Remembering Titanic With “The Girl Who Came Home”


the-girl-who-came-home-680x1024I couldn’t resist posting this blog on a book whose setting is the Titanic, at the time it sank: 2:20 a.m., April 15, 2015. Sorry if I woke you!

If you haven’t noticed, I’m an extremely situational reader. In summer I read books with nautical settings, in winter the books must have snow, and in April, I try to read books with characters travelling on ships, especially the Titanic. The Girl Who Came Home used several characters to explore the  decks of the Titanic. In the present, Maggie’s retelling of her crossing helped refocus her granddaughter on living her life to the fullest. In the past, Maggie struggled to leave her love behind in Ireland as she set sail on the grandest ship ever built. 

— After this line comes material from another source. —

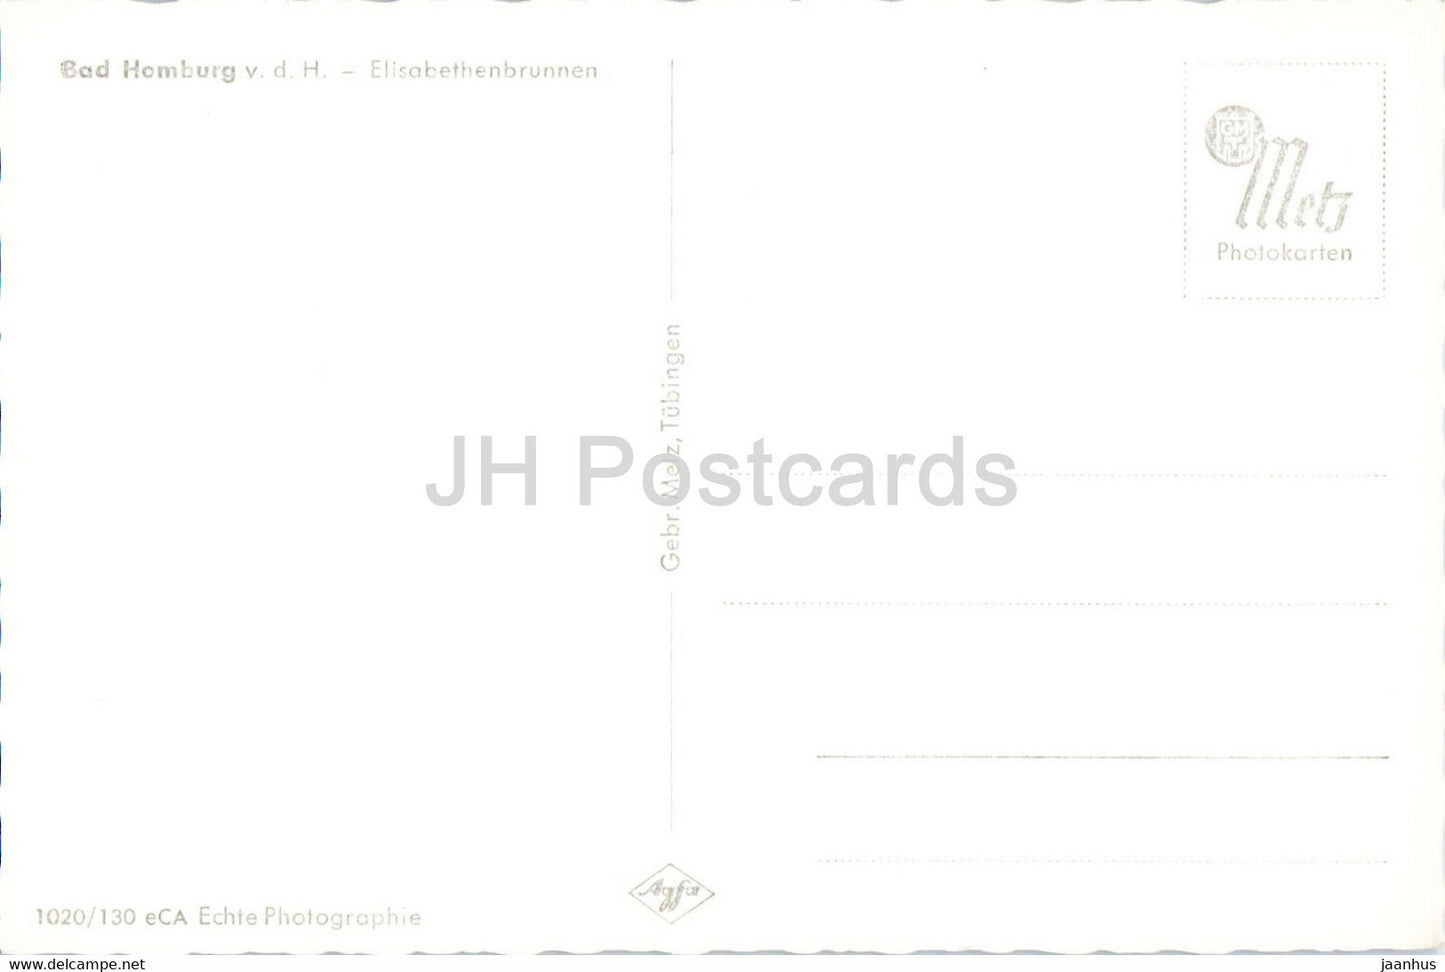 Bad Homburg - Elisabethenbrunnen - alte Postkarte - Deutschland - unbenutzt
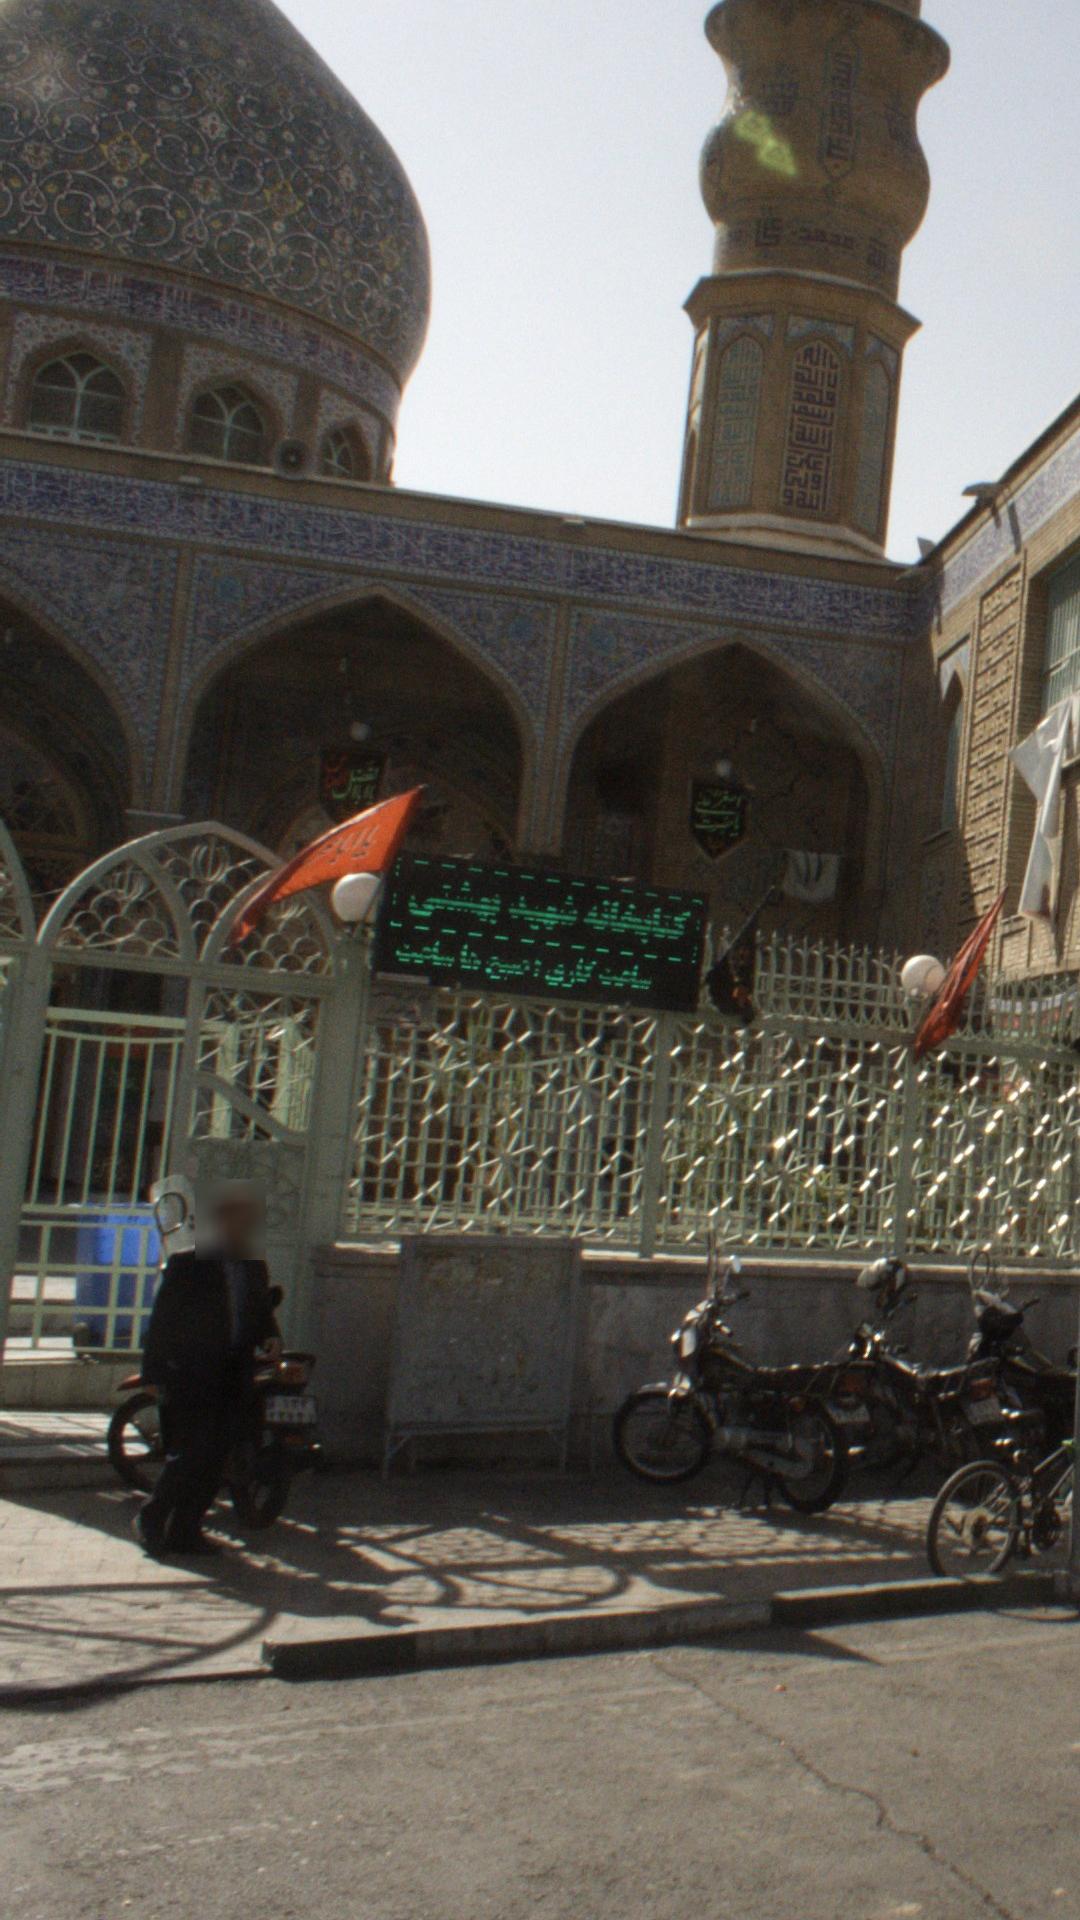 کتابخانه شهید بهشتی

Maggie, along with a group of young people from Ireland, headed for America and explored the ship with eagerness. They anxiously left their steerage berths to catch a glimpse of the wealthy passengers in first class. Maggie and her friends had high spirits and were delightful to follow. The retelling of the sinking was done very well. The author folded in many details about the decisions that lead to the ship crashing into the iceberg, and also about how some people reached a lifeboat and others didn’t. I was disappointed with the author when Maggie became distraught over losing letters on the ship. Letters hardly compared to the enormous loss of life, which trivialized her loss. Without seeming rushed, the story even recounted the chaos that the survivor’s encountered once they reached New York. The joint narration in the past and present blended perfectly at the end of the book to create a complete story of Maggie’s life. This was such a joy to read!

This was one of the better books I read set on Titanic, with The Dressmaker being my other favorite!